The Company's target dividend policy is 8 cents p.a. paid on a quarterly basis, with a targeted total NAV return of 10-12% per annum over the medium to long-term.
The Company has the benefit of an experienced Executive Team led by Edward Buttery and who previously worked closely together at Taylor Maritime. Taylor Maritime was established in 2014 as a privately owned ship-owning and management business with a seasoned team including the founders of dry bulk shipping company Pacific Basin Shipping (listed in Hong Kong 2343.HK) and gas shipping company BW Epic Kosan (formerly Epic Shipping). The commercial and technical management arms of Taylor Maritime were acquired by Grindrod in October 2023.

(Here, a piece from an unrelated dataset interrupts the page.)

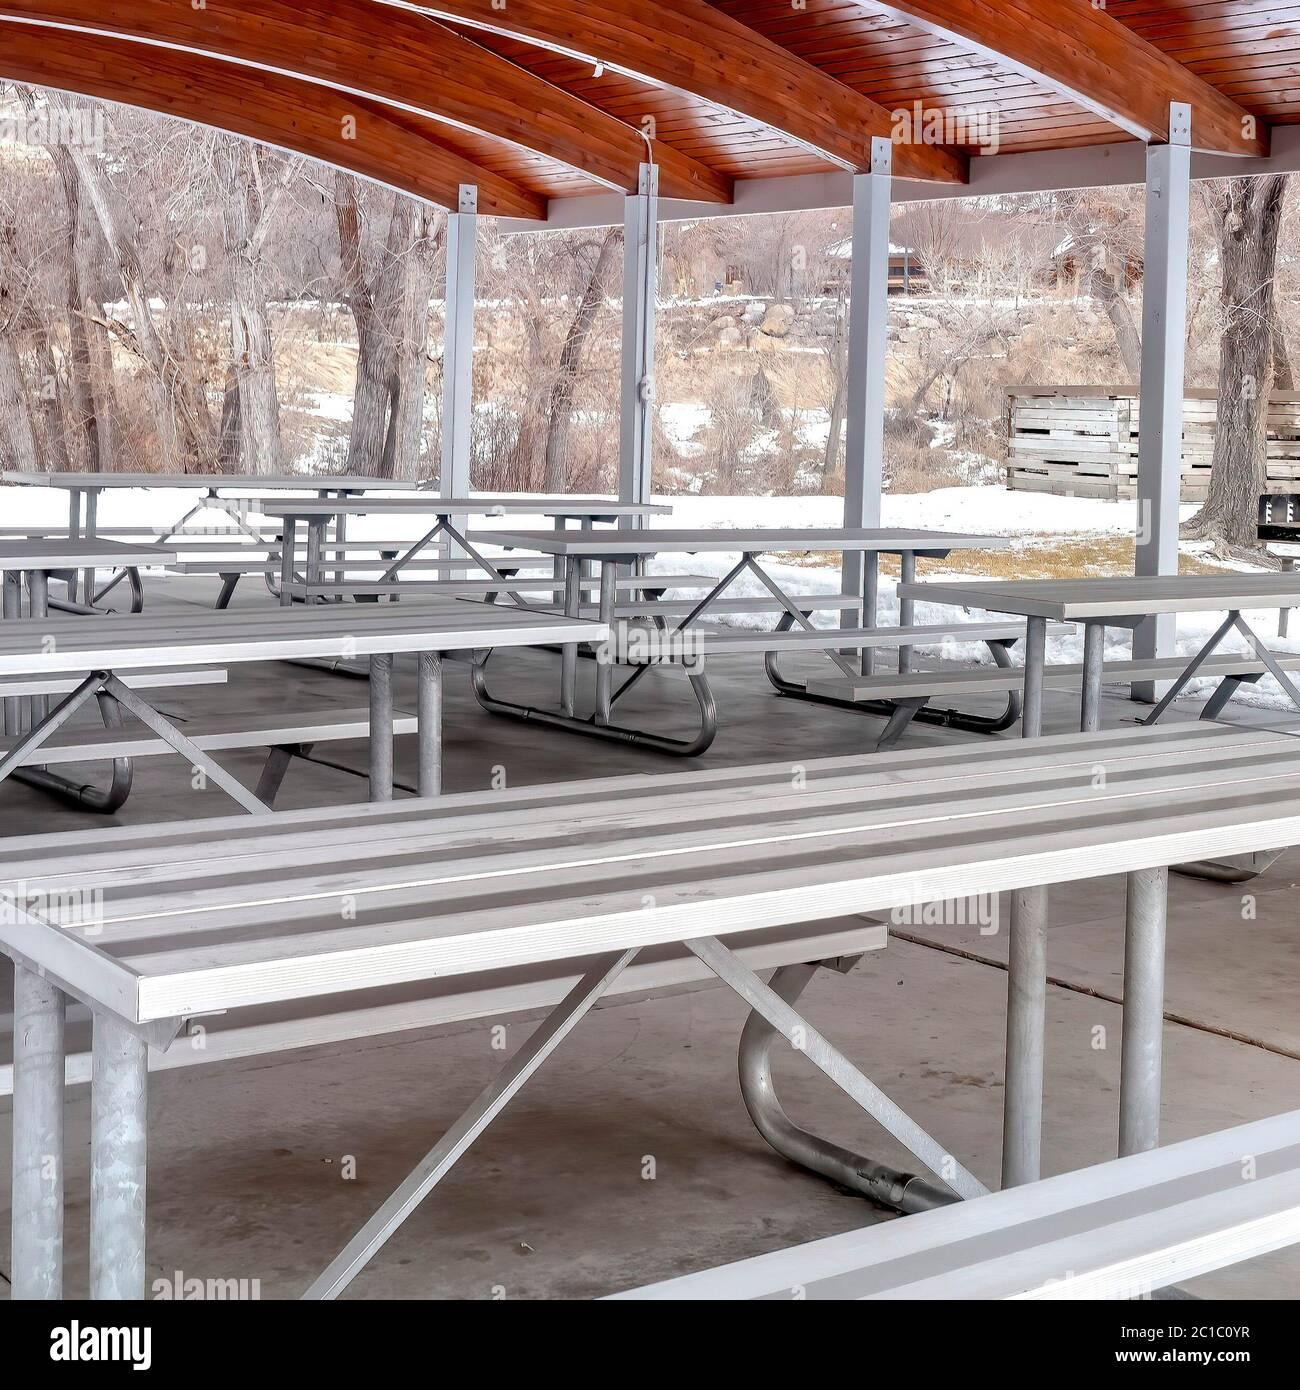 Quadro Quadrato Tavoli E Panche All Interno Di Un Padiglione Di Parco Con Archi In Legno Sul Soffitto Foto Stock Alamy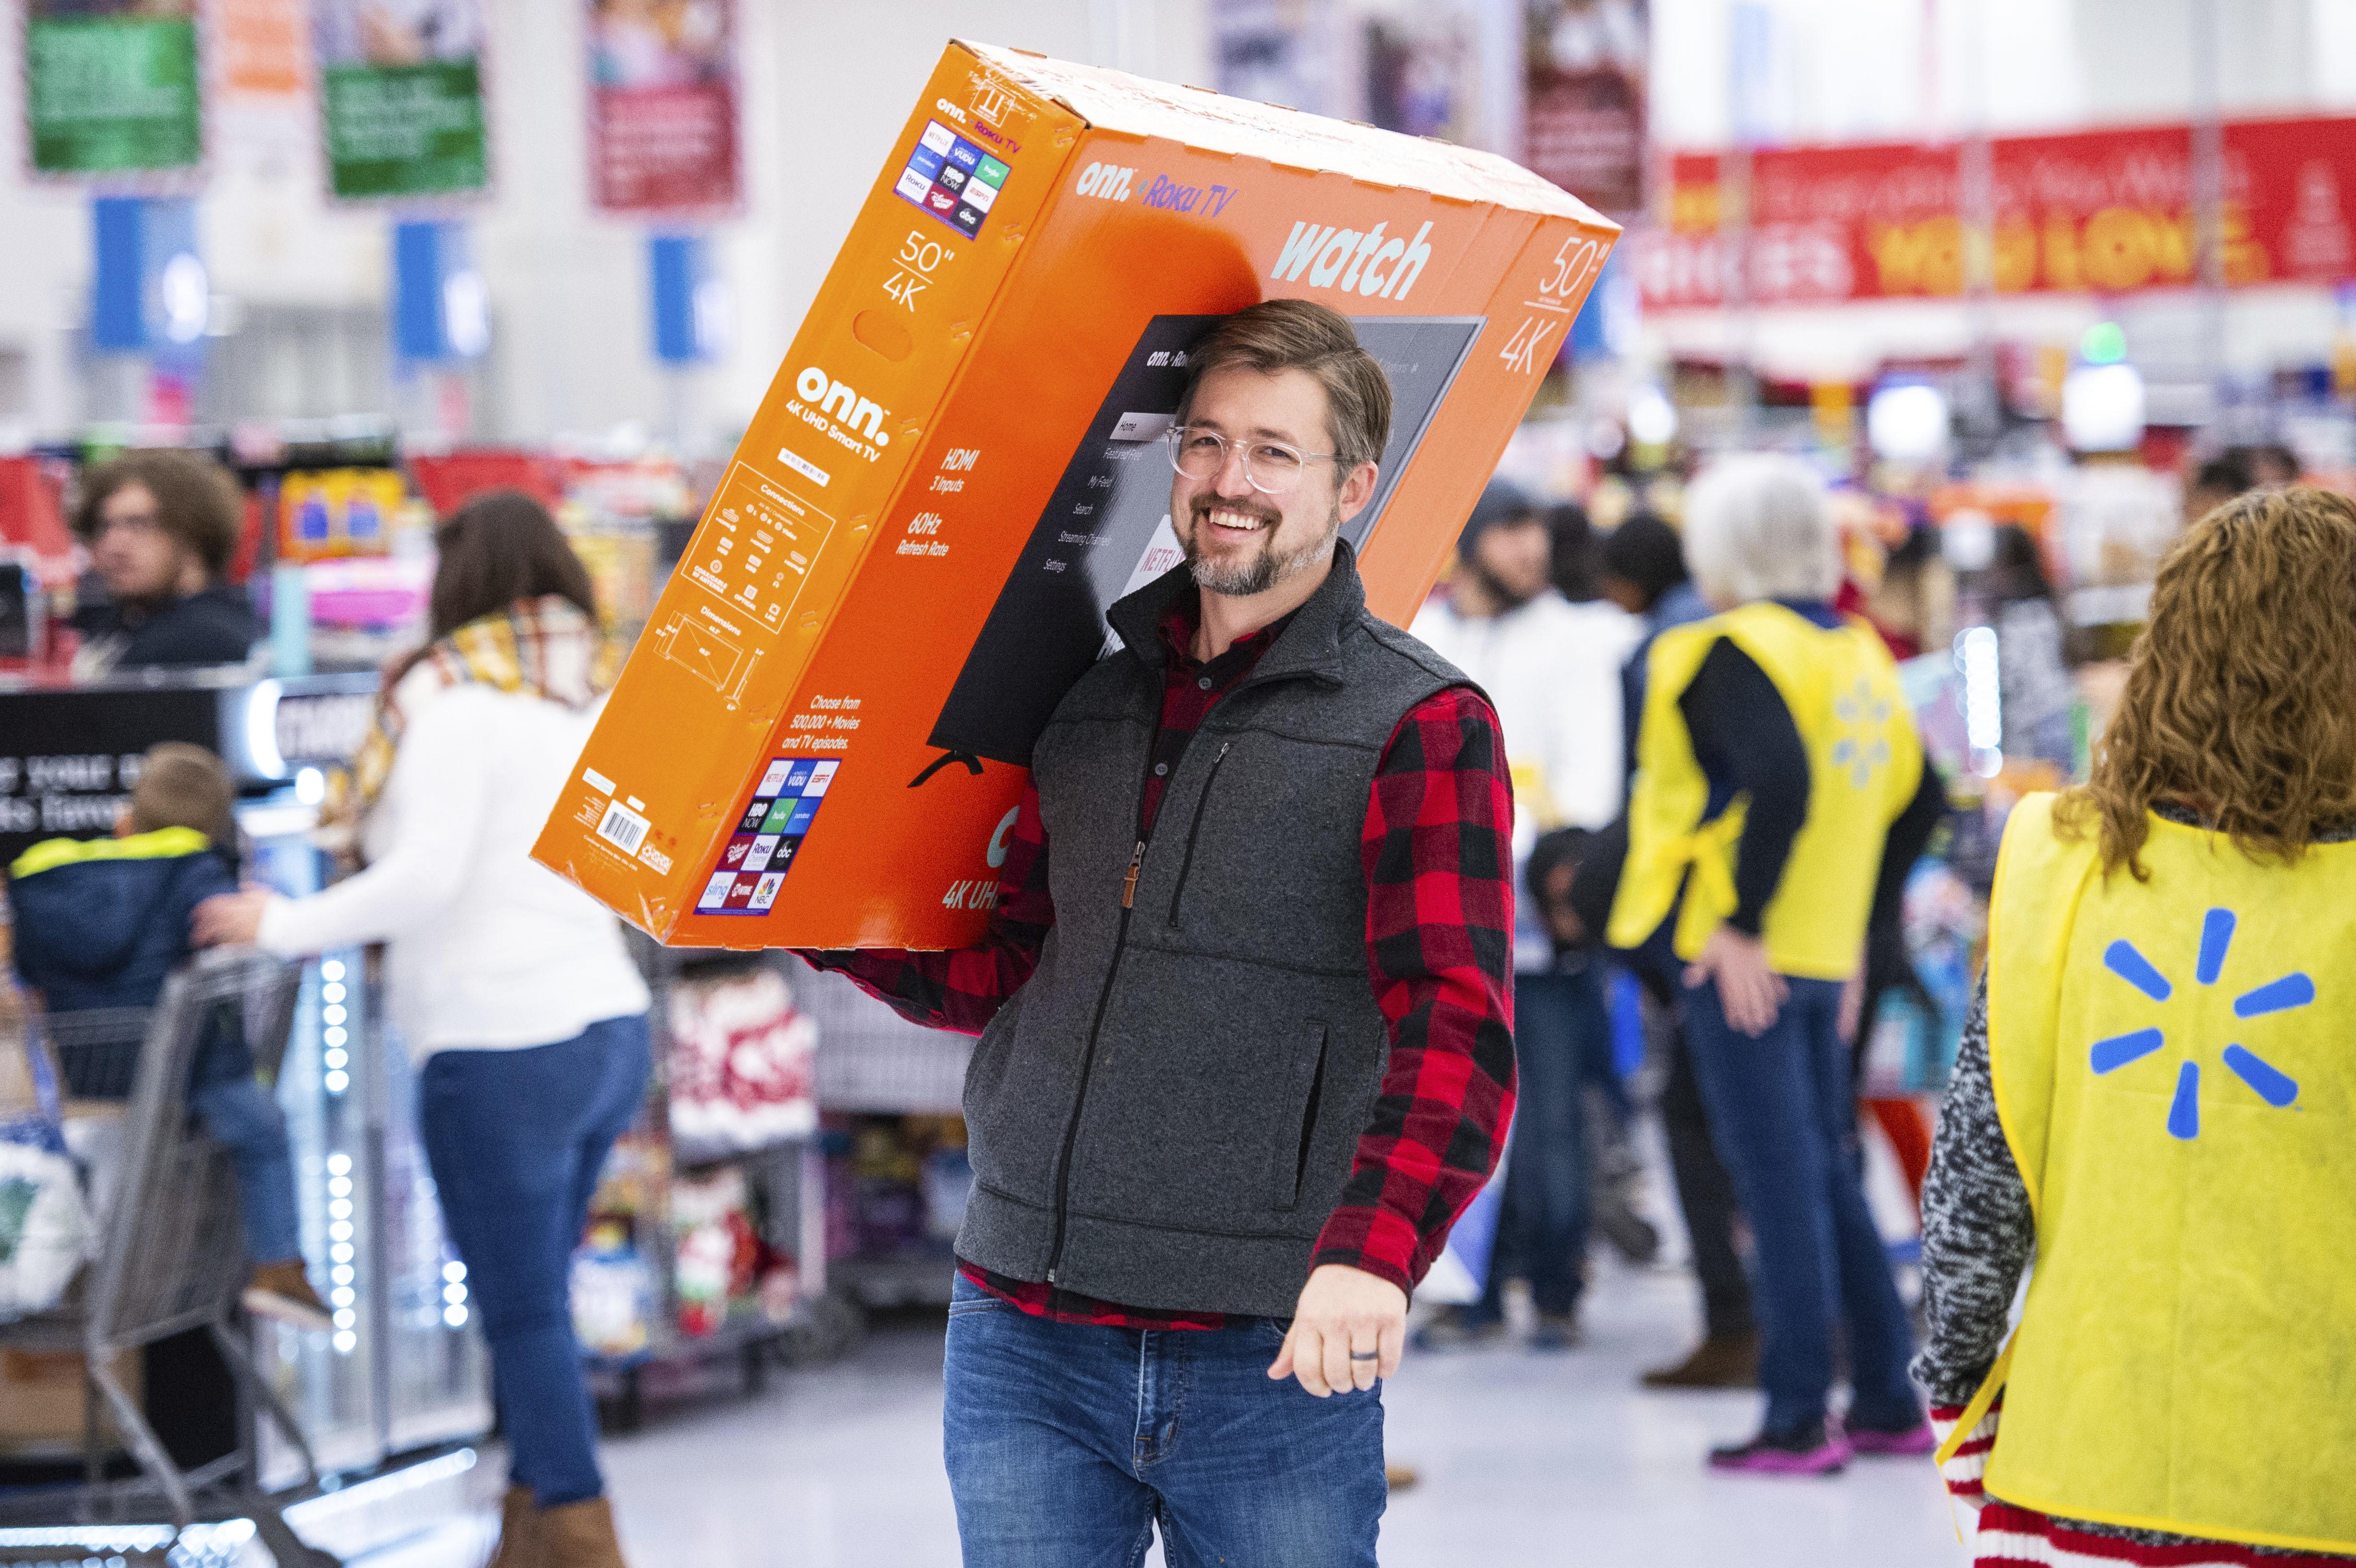 السعادة تملأ وجه هذا الرجل بعد تأمين صفقة شراء تلفزيون

For more information, please visit www.taylormaritimeinvestments.com.
About Geared Vessels
Geared vessels are characterised by their own loading equipment. The Handysize and Supra/Ultramax market segments are particularly attractive, given the flexibility, versatility and port accessibility of these vessels which carry necessity goods - principally food and products related to infrastructure building - ensuring broad diversification of fleet activity and stability of earnings through the cycle.
IMPORTANT NOTICE
The information in this announcement may include forward-looking statements, which are based on the current expectations and projections about future events and in certain cases can be identified by the use of terms such as "may", "will", "should", "expect", "anticipate", "project", "estimate", "intend", "continue", "target", "believe" (or the negatives thereon) or other variations thereon or comparable terminology. These forward-looking statements are subject to risks, uncertainties and assumptions about the Company, including, among other things, the development of its business, trends in its operating industry, and future capital expenditures and acquisitions. In light of these risks, uncertainties and assumptions, the events in the forward-looking statements may not occur.
References to target dividend yields and returns are targets only and not profit forecasts and there can be no assurance that these will be achieved.